* **Data section**
--------------------

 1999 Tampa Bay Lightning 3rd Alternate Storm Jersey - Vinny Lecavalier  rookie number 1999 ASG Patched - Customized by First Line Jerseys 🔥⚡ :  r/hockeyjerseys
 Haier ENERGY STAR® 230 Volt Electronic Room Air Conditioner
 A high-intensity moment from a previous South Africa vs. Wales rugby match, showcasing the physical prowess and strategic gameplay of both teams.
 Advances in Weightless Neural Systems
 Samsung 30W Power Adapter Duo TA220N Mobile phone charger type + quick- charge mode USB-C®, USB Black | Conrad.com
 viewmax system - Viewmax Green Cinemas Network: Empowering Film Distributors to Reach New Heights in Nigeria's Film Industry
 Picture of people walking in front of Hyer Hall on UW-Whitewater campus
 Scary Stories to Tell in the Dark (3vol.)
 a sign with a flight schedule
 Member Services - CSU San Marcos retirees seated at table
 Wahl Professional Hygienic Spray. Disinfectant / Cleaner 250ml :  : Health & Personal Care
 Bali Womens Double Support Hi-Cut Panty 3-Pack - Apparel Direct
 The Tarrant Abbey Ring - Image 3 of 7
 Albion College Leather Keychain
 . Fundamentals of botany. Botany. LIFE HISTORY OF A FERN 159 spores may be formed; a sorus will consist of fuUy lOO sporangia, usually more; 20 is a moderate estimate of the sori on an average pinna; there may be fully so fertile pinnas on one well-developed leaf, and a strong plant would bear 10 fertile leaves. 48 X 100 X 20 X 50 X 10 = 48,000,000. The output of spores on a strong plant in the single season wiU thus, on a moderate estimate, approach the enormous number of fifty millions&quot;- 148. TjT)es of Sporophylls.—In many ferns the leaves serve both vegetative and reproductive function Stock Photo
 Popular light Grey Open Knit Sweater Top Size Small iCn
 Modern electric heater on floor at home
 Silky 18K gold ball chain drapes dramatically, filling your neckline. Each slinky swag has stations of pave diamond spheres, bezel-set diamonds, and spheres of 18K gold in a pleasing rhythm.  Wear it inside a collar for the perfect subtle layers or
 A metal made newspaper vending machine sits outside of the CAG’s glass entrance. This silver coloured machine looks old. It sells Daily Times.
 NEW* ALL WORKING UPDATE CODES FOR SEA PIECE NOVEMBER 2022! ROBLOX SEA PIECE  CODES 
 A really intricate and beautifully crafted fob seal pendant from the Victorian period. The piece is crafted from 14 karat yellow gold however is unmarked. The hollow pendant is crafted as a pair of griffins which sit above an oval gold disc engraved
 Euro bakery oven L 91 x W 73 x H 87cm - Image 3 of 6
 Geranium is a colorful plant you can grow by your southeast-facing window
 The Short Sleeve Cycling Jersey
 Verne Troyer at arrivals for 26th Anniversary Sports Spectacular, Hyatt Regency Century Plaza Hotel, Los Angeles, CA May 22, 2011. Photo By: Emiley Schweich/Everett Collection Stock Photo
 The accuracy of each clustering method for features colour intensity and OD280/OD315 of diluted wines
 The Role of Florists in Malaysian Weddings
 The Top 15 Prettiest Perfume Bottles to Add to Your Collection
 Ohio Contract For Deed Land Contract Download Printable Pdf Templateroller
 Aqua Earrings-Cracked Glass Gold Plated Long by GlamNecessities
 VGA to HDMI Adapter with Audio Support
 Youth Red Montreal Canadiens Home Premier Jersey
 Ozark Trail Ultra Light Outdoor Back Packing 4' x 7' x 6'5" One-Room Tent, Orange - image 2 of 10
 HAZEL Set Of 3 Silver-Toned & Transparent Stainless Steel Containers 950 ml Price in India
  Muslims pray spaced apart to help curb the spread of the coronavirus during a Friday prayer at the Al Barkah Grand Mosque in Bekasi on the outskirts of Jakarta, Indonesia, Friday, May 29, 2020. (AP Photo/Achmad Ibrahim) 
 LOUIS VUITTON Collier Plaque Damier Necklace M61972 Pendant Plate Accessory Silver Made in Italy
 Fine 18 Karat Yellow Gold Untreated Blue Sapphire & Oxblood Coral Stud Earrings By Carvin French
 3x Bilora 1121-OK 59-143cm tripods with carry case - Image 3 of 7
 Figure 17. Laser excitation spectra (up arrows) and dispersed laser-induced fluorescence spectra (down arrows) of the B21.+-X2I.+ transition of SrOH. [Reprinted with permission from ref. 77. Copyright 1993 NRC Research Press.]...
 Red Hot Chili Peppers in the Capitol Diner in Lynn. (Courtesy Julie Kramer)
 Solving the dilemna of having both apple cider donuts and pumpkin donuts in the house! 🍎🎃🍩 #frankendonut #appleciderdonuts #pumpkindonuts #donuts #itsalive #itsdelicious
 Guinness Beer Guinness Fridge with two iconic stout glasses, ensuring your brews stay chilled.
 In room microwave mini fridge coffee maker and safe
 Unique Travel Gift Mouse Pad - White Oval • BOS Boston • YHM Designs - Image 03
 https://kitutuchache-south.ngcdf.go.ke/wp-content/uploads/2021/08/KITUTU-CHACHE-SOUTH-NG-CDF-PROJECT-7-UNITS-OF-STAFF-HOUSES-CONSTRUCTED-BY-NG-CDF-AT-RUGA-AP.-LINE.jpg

--------------------

* **Work order**
Within the records above, count the lines that contain "intensity" and give the number with nothing added.

* **Written answer**
2